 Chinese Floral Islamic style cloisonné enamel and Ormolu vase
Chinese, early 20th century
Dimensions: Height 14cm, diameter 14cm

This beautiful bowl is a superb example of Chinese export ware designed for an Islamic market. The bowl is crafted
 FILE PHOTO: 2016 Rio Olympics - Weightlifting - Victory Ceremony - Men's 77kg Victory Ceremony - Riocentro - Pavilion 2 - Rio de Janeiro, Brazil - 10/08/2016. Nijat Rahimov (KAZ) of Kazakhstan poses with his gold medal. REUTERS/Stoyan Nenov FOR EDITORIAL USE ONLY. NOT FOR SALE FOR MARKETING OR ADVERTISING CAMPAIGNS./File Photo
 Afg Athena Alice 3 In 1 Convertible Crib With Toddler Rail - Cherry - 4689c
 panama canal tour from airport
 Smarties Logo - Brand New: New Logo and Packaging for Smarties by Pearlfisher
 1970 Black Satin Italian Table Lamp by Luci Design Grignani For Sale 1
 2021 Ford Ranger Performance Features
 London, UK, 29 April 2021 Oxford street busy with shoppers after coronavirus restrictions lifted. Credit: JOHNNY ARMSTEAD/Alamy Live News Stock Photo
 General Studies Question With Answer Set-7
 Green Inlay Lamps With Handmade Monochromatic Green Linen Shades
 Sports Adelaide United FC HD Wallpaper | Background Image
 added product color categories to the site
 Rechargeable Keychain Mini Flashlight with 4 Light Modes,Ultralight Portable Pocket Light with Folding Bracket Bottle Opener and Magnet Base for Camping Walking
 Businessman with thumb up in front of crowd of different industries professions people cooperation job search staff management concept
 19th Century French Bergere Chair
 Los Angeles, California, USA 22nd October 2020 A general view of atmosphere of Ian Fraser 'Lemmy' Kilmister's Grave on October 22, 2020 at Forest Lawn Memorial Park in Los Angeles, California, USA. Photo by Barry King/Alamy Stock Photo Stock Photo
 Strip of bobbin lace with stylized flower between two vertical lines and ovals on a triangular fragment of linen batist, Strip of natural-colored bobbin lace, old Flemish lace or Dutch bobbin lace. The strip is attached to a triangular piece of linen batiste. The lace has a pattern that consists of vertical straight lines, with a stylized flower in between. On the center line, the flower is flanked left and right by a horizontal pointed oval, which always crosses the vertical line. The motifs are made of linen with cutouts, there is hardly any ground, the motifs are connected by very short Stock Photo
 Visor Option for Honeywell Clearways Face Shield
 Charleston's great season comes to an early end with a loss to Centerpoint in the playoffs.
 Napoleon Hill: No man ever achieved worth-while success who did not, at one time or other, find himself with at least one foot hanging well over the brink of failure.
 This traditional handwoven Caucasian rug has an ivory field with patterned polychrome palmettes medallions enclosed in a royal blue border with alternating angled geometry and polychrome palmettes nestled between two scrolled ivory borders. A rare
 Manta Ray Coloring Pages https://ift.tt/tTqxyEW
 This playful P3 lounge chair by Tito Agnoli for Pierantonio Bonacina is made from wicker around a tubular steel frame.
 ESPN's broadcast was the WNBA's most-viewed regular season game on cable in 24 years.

========================================

> **Prompt**
Could you reproduce the lines above, from the one that holds "This playful P3" through the last, exactly as they stand?

> **Response for this exercise**
 This playful P3 lounge chair by Tito Agnoli for Pierantonio Bonacina is made from wicker around a tubular steel frame.
 ESPN's broadcast was the WNBA's most-viewed regular season game on cable in 24 years.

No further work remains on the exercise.